EDS analysis of Particle 1 (internal) revealed weaker carbon and stronger oxygen signals compared to Particle 2 (external) (Fig. 2a and Supplementary Fig. 17). This suggests that m-SiO2 protects Mn3O4 particles from direct exposure to CH4 plasma. This shielding effect arises from the “Debye shielding” mechanism, where plasma discharge cannot penetrate the mesopores of m-SiO2 due to their pore diameters being smaller than the Debye length (typically hundreds of nanometers)19,24,25. Thus, the shielded internal cavity prevents the reduction of Mn3O4 particles and mitigates direct carbon deposition. This hypothesis is further supported by the observed decrease in the Mn3+/(Mn3++Mn2+) ratio as more manganese oxide particles are located outside the m-SiO2 layer (Fig. 2c and Supplementary Fig. 18). Previous studies have shown that low-valent metal catalysts (oxides, carbides, or metals) are highly effective for the deep dehydrogenation of CH426,27. Consistent with these findings, Supplementary Fig. 19 shows that Mn3O4 particles exhibited a stronger carbon signal than the m-SiO2 surface. Furthermore, as Na2WO4 and Mn3O4 particles are encapsulated within m-SiO2 nanospheres, the yield of C2H2 and C2H4 decreased from 7.0% (WMO/m-SiO2) to 4.5% (Na2WO4-Mn3O4, denoted as WMO). This trend implies that converting an equivalent amount of methane leads to more carbon deposition when fewer encapsulated Na2WO4 and Mn3O4 particles are present (Fig. 2d and Supplementary Fig. 20).
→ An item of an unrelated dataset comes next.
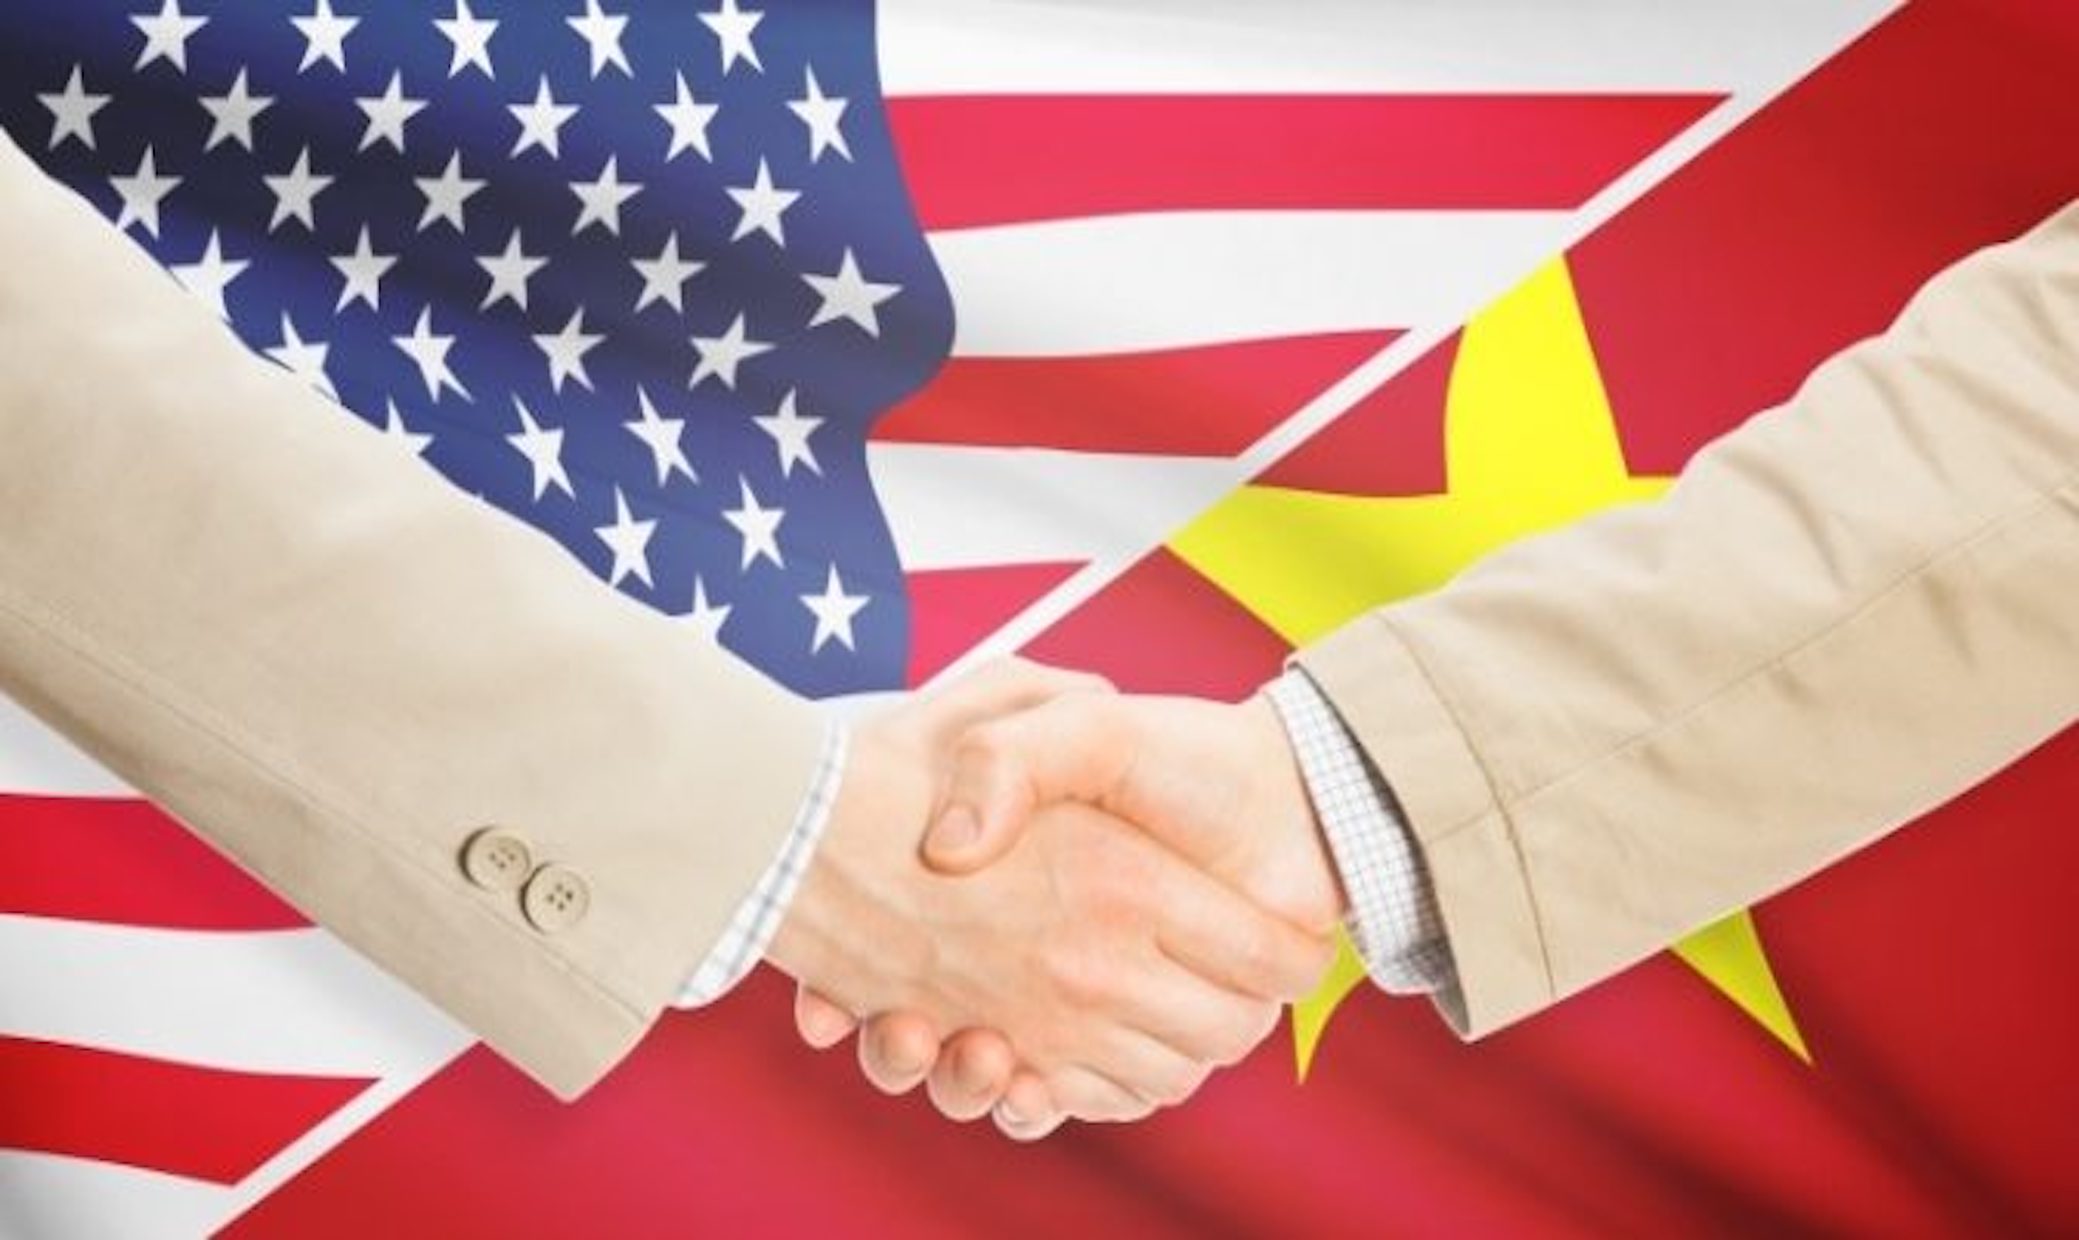 Hiệp định thương mại Việt Nam - Hoa Kì là gì? Nội dung Hiệp định thương mại Việt Mỹ?

The role of Na2WO4 and Mn3O4 in plasma-catalytic NOCM reaction

The 1% Na2WO4-5% Mn3O4/m-SiO2 catalyst achieved a combined C2H4 and C2H2 selectivity of 18.1%, surpassing that of Na2WO4/m-SiO2 (14.5%), 5% Mn3O4/m-SiO2 (13.2%) and plasma-only conditions (7.9%) (Fig. 3a and Supplementary Fig. 21). A comparison of CH4 conversion and C2-C3 hydrocarbon distribution in the DBD reactor with previous studies is provided in Supplementary Table 2. The 1% Na2WO4-5% Mn3O4/m-SiO2 (WMO/m-SiO2) catalyst demonstrated the high selectivity for C2H2 and C2H4, while maintaining competitive methane conversion. Among reported studies, this work achieved a lower energy cost (EC) for CH4 conversion (6.8 MJ/mol), demonstrating the effectiveness of the catalyst in plasma-catalytic NOCM reaction. Notably, the catalyst exhibited stable performance for over 25 h (Supplementary Figs. 22, 23). X-ray photoelectron spectroscopy (XPS) and XRD analyses confirmed that the dominant oxidation states of tungsten and manganese species in WMO/m-SiO2, as well as in 5% Mn/m-SiO2 and 1% Na2WO4/m-SiO2, remained unchanged after the reaction (Supplementary Figs. 2426). Supplementary Fig. 21 shows that increasing the Na2WO4 loading from 0.5 to 5% increased carbon deposition from 16.4 to 24.6%. In contrast, higher Mn3O4 content reduced carbon deposition. These findings suggest that Na2WO4/m-SiO2 more effectively promotes the further dehydrogenation of methane compared to Mn3O4/m-SiO2.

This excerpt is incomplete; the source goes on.